FIG. 4 shows waveforms produced by means of the program of the computer 16 shown in FIG. 1 and output from the sequence controller 15. It is assumed that the two-dimensional Fourier transformation method is used in combination with the spin echo method.
First, a sample 1 is inserted in a static magnetic field generating device 2, an RF coil 4, gradient magnetic field coils 9, 11 and 13, and the RF coil 4 and the Z-axis gradient magnetic field coil 13 are driven simultaneously to apply an RF magnetic field pulse having a selected frequency (usually a 90.degree. pulse) RF1 and a slice magnetic field Gs1 for designating the slice plane.

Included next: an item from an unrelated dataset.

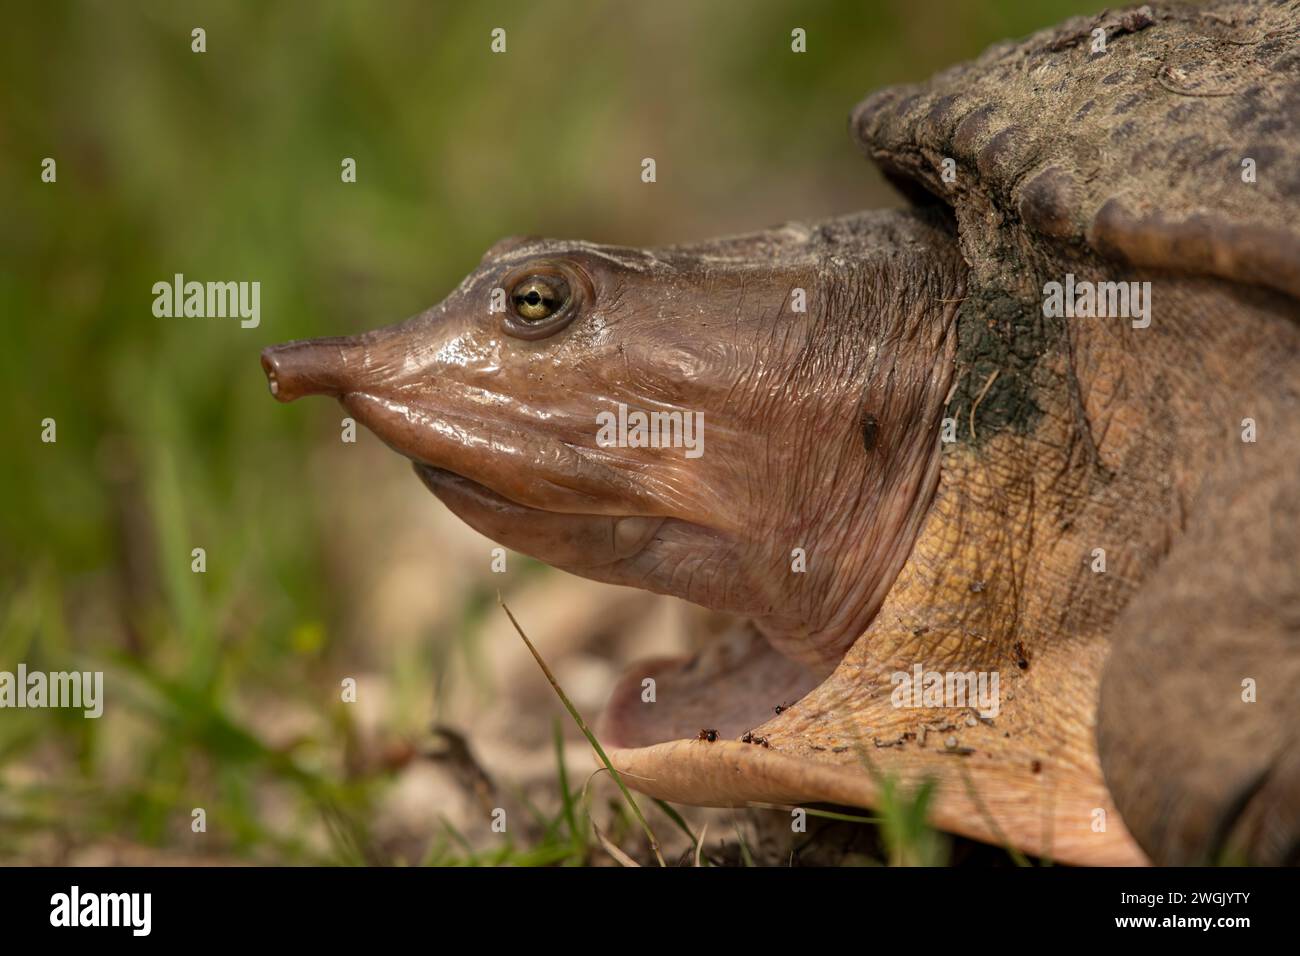 A giant turtle resting on grassy terrain by the water's edge. Stock Photo

Energy is thereby supplied to the nuclear spins within the desired slice plane in the sample 1. The slice magnetic field Gs4 is applied so that the total area of Gs after the peak of RF1 is zero thereby to align the phase of the spins in the direction of the slice.
Then, the Y-axis gradient magnetic field coil 11 is driven to apply the phase encoding magnetic field Ge1.
Thereafter, a 180.degree. pulse is applied and then the X-axis gradient magnetic field coil 10 is driven so that, while the magnetic fields Gr8 and Gr10 are applied, an MR signal due to the spin echo is derived when the area of Gr10 becomes equal to the area of Gr8, i.e., TE after the peak of RF1. The MR signal is input to the computer 16 via the RF coil 4.
The time-point at which the MR signal assumes its peak is dependent on the time-point of the signal reading magnetic field and the RF magnetic field. The peak of 180.degree. pulse RF2 is made to appear at 1/2 between the peak of S1 and the peak of RF1.
The above-described MR imaging system is programmed to collect and image the signals of the stationary spins. Where there are moving spins, uncontrolled phase deviation and the introduction of spins from outside of the slice plan, artifacts may occur. Moreover, it is not possible to image the velocity, the flow velocity, the acceleration, the jerk, etc.
Another problem associated with the prior-art MR imaging method is that it does not take account of the movement of the sample, such as body movement of a patient, so that the resultant slice image contains artifacts.